Exercise - Below is a block of records; reproduce all of them exactly and leave out any pictures.

Dataset records
○ ○ ○ ○
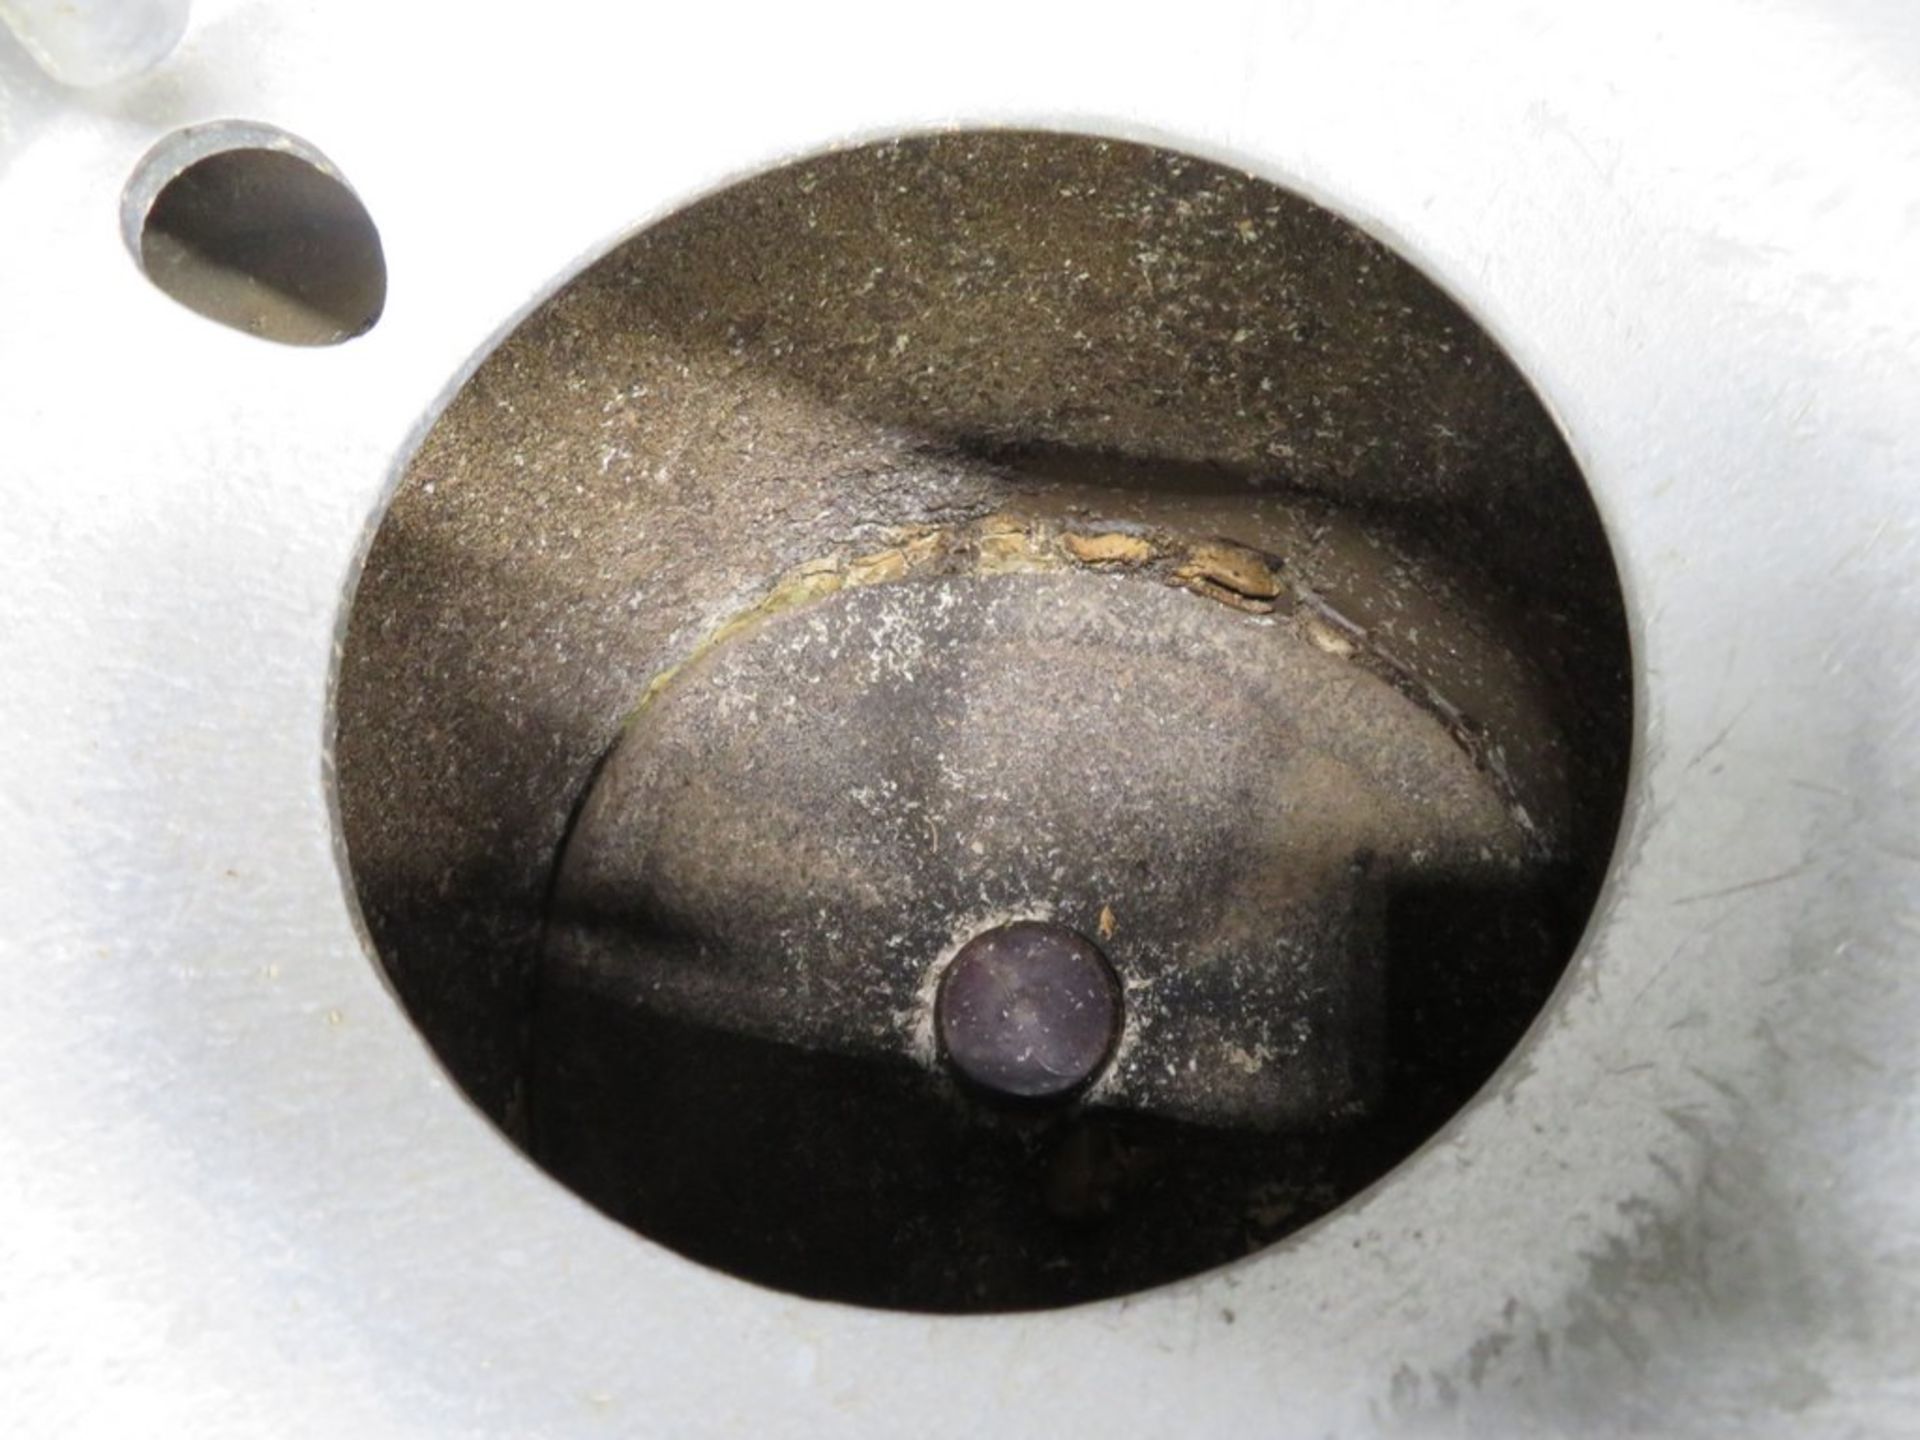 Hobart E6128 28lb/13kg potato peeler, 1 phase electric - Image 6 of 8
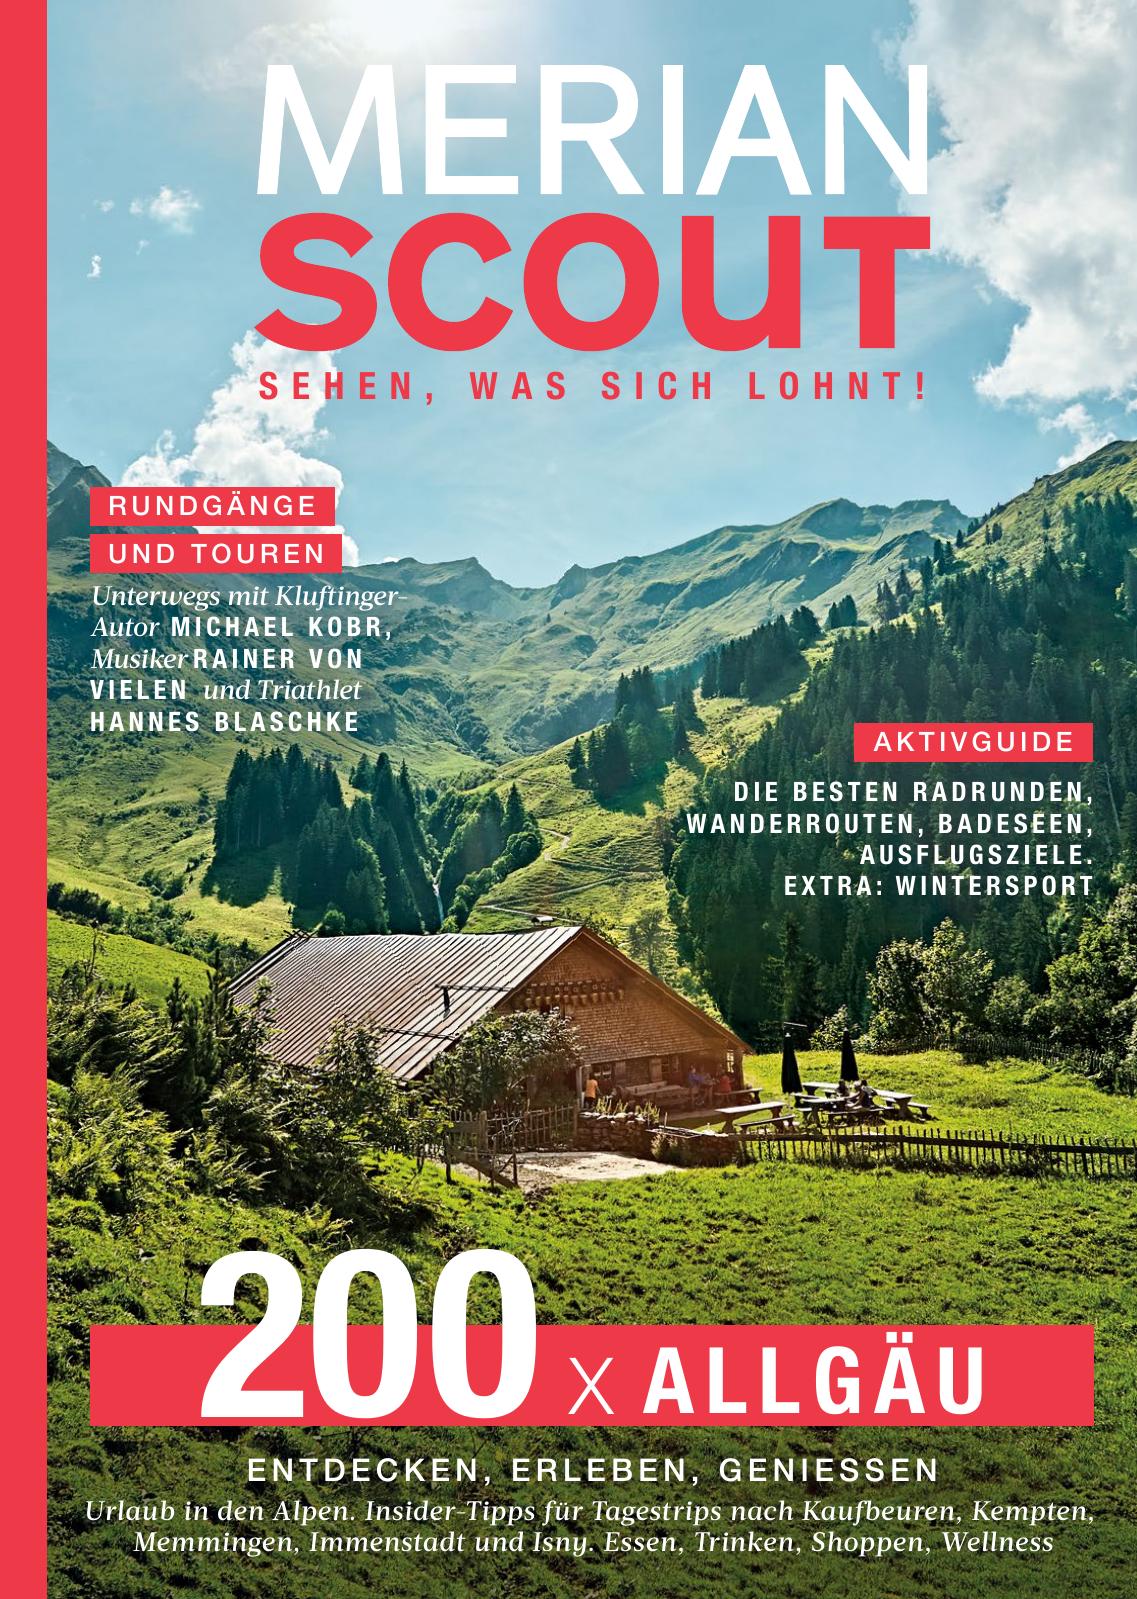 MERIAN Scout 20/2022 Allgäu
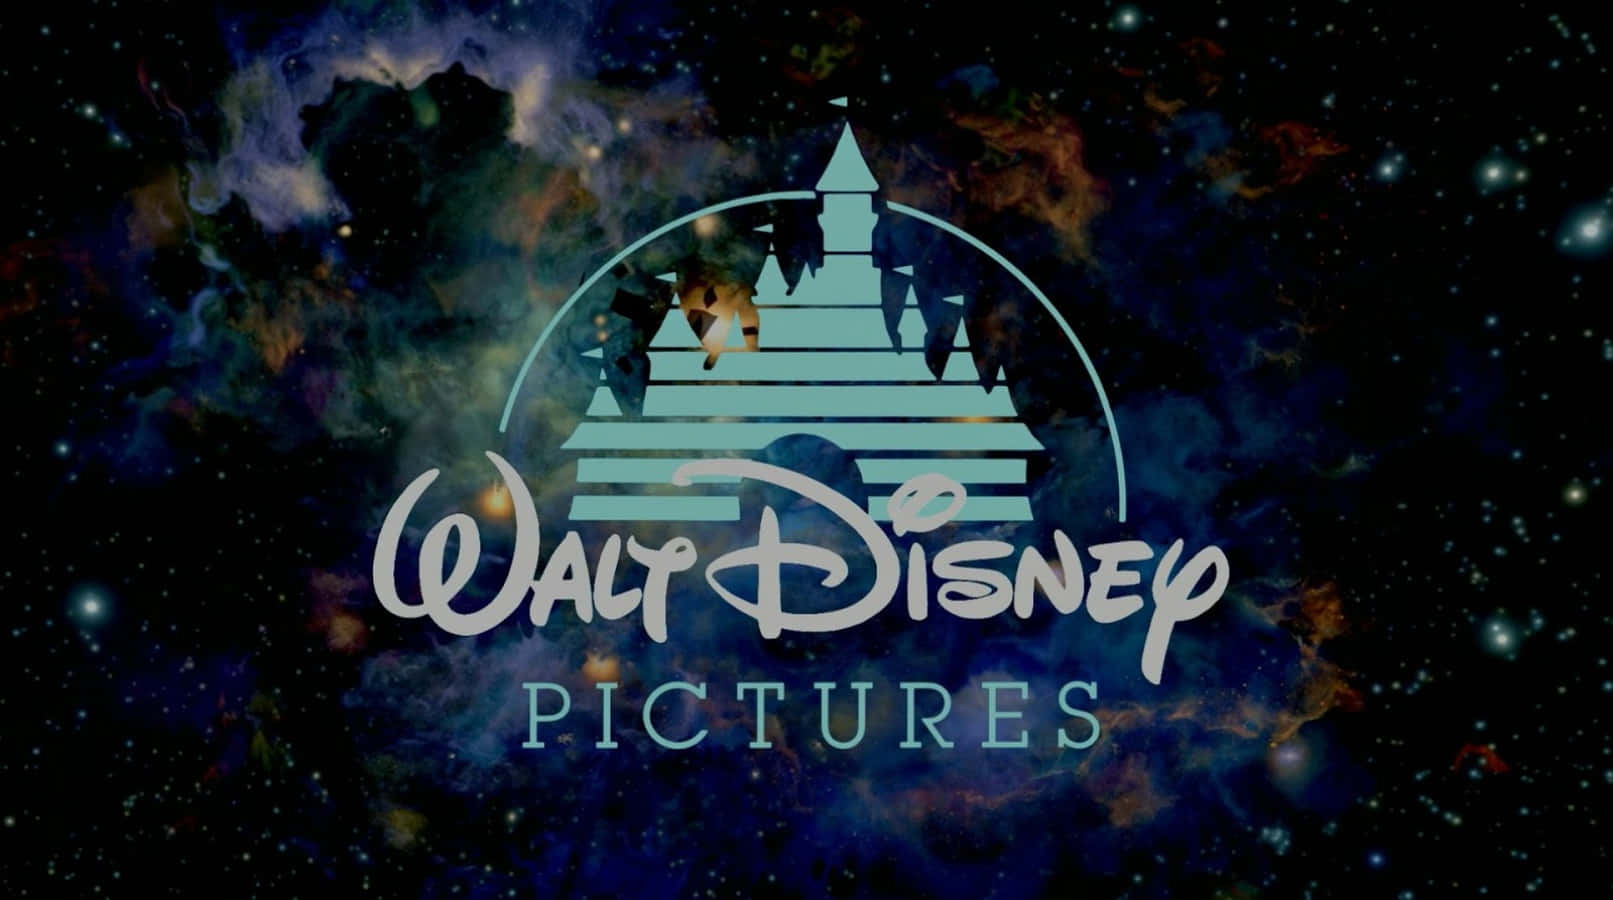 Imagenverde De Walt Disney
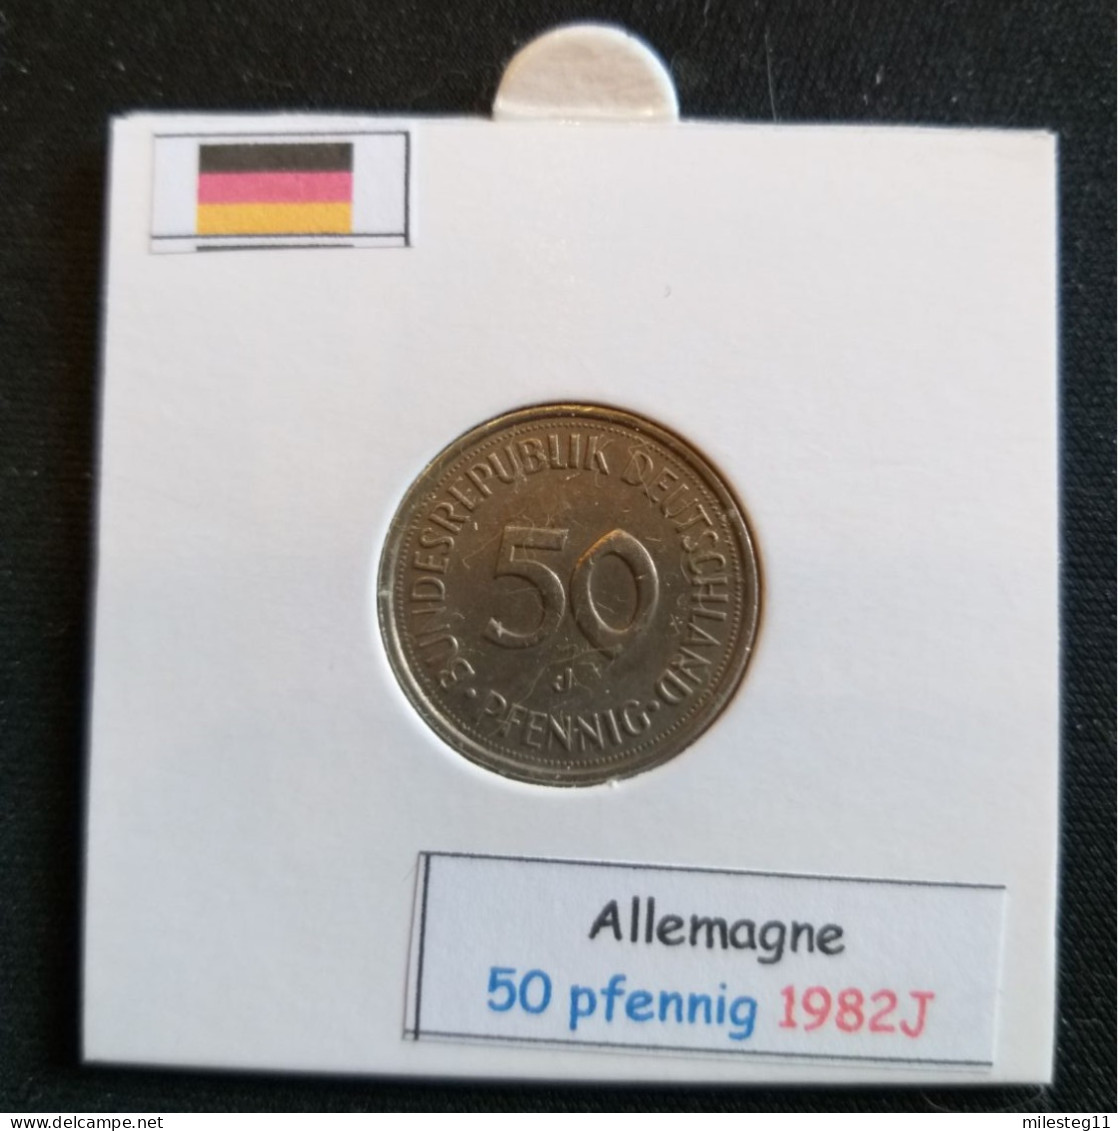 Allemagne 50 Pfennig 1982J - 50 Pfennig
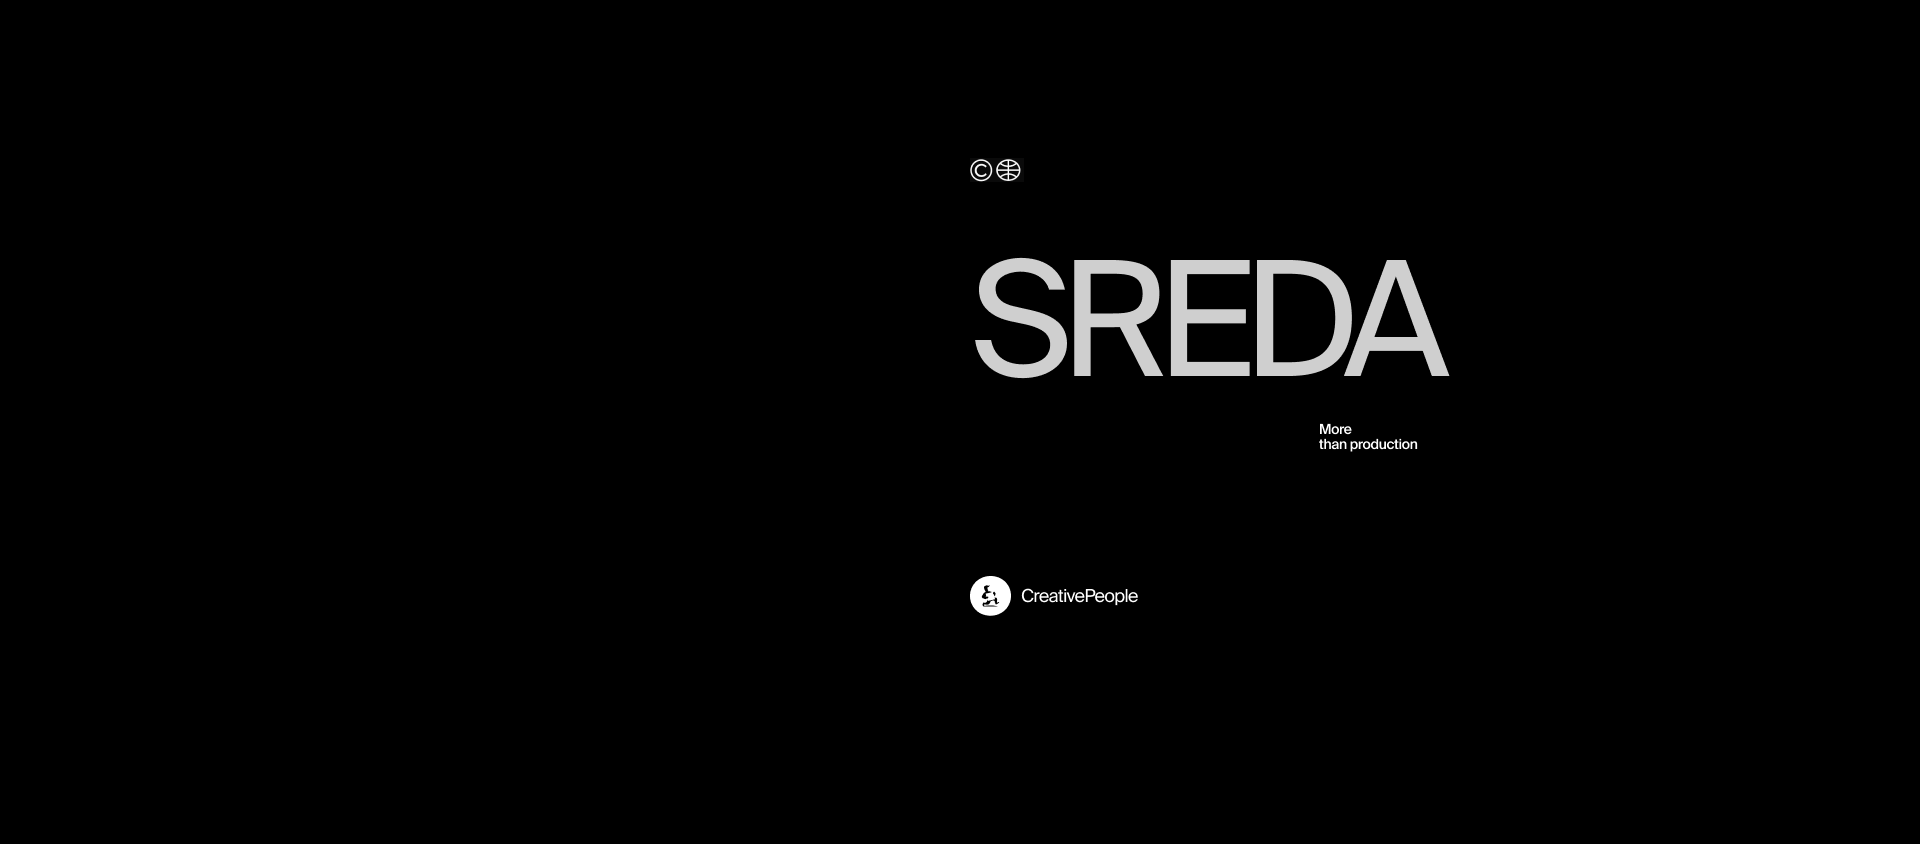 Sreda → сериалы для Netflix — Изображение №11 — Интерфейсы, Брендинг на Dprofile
○ ○ ○ ○
Response for this exercise -
 Hobart E6128 28lb/13kg potato peeler, 1 phase electric - Image 6 of 8
 MERIAN Scout 20/2022 Allgäu
 Imagenverde De Walt Disney
 Allemagne 50 Pfennig 1982J - 50 Pfennig
 Sreda → сериалы для Netflix — Изображение №11 — Интерфейсы, Брендинг на Dprofile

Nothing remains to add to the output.